In order to do this, we'll have a CGI script handle every request for a static HTML page. The CGI script will check whether the request URL contains an identifier matching our format. If it doesn't, the script assumes that this is a new user and generates a new identifier. The script then parses the requested HTML document by looking for links to other URLs within our web site and appending a unique identifier to each URL. Thus, the identifier will be passed on with future requests and propagated from document to document. Of course, if we want to track users across CGI applications then we'll also need to parse the output of these CGI scripts. The simplest way to accomplish both goals is to create a general module that handles reading the identifier and parsing the output. This way, we need to write our code only once and can have the script for our HTML pages as well as allow all our other CGI scripts share it.

As you may have guessed, this is not a very efficient process, since a request for each and every HTML document triggers a CGI application to be executed.

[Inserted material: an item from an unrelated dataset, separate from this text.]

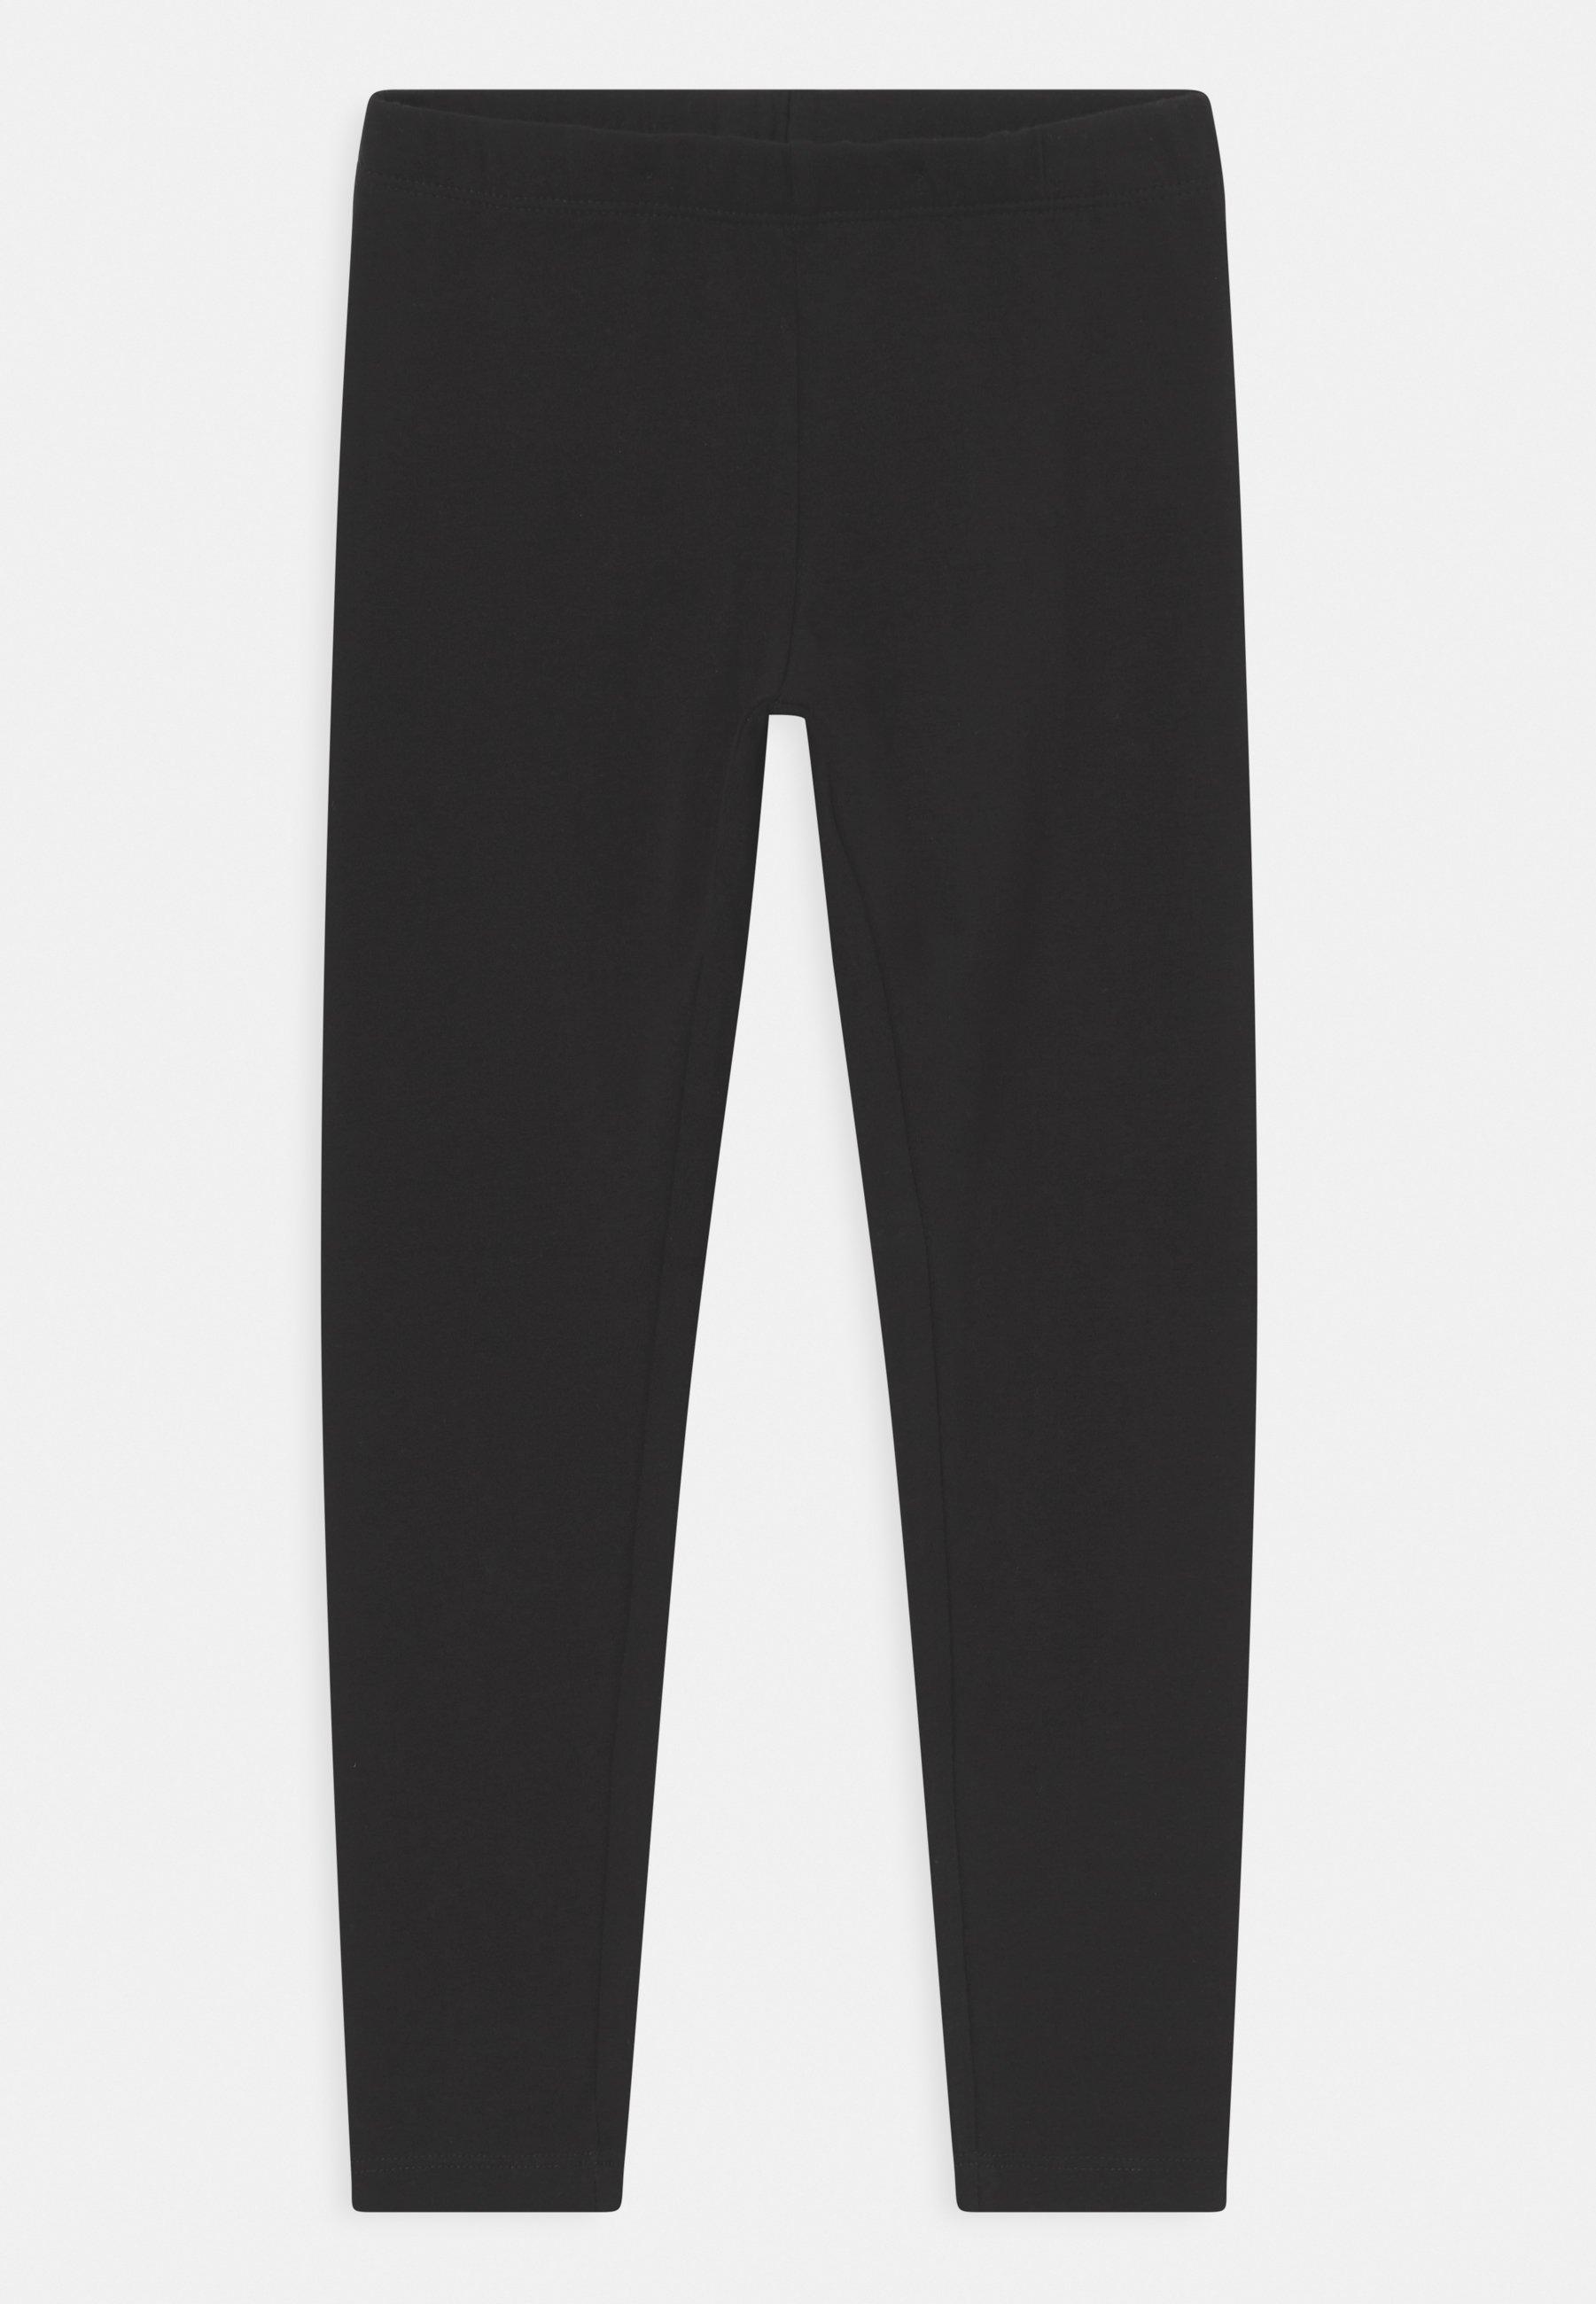 Kids MINI BASIC SOLID - Leggings - Trousers

Tools such as mod_perl and FastCGI, discussed in Chapter 17, "Efficiency and Optimization", help because both of these tools effectively embed the Perl interpreter into the web server.

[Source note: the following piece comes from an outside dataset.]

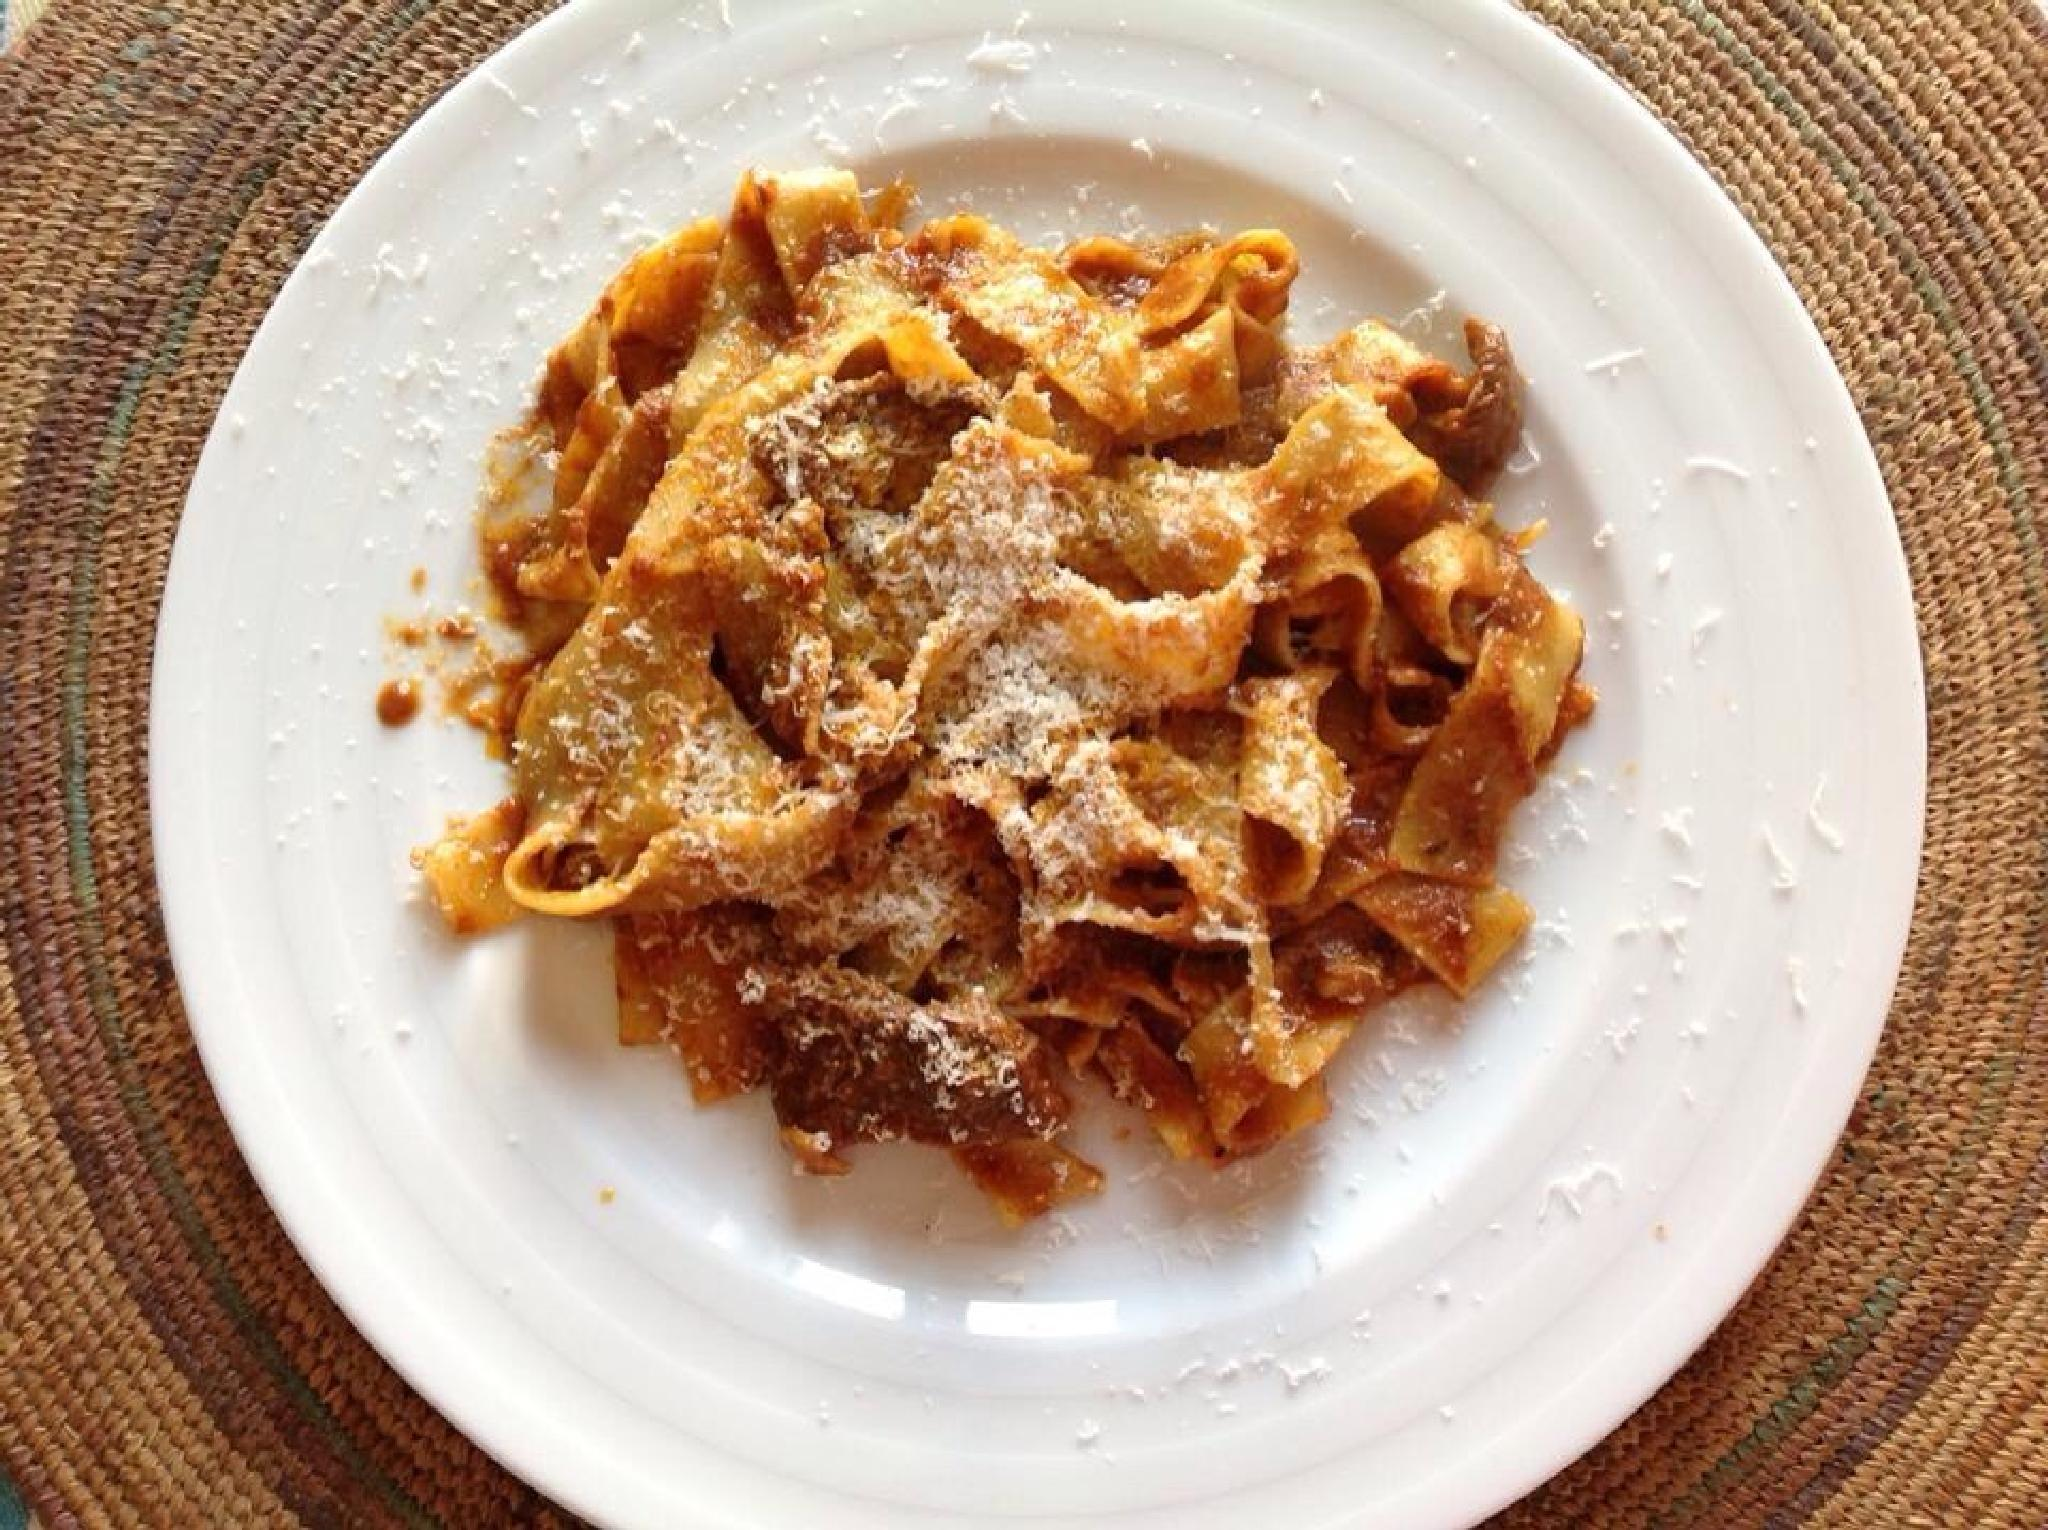 Fettuccine tomato sauce. by grossiroma

Another strategy to help improve performance is to perform some processing in advance. If you are willing to preprocess your documents, you can reduce the amount of work that happens when the customer accesses the document. The majority of the work involved in parsing a document and replacing links is identifying the links. HTML::Parser is a good module, but the work it does is rather complex. If you parse the links and add a special keyword instead of one for a particular user, then later you can look for this keyword and not have to worry about recognizing links. For example, you could parse URLs and add #USERID# as the identifier for each document. The resulting code becomes much simpler. You can effectively handle documents this way:

sub parse {
    my( $filename, $id ) = @_;
    local *FH;
    open FH, $filename or die "Cannot open file: $!";
    
    while (<FH>) {
        s/#USERID#/$id/g;
        print;
    }
}

However, when a user traverses through a set of static HTML documents, CGI applications are typically not involved. If that's the case, how do we pass session information from one HTML document to the next, and be able to keep track of it on the server?

The answer to our problem is to configure the server such that when the user requests an HTML document, the server executes a CGI application. The application would then be responsible for transparently embedding special identifying information (such as a query string) into all the hyperlinks within the requested HTML document and returning the newly created content to the browser.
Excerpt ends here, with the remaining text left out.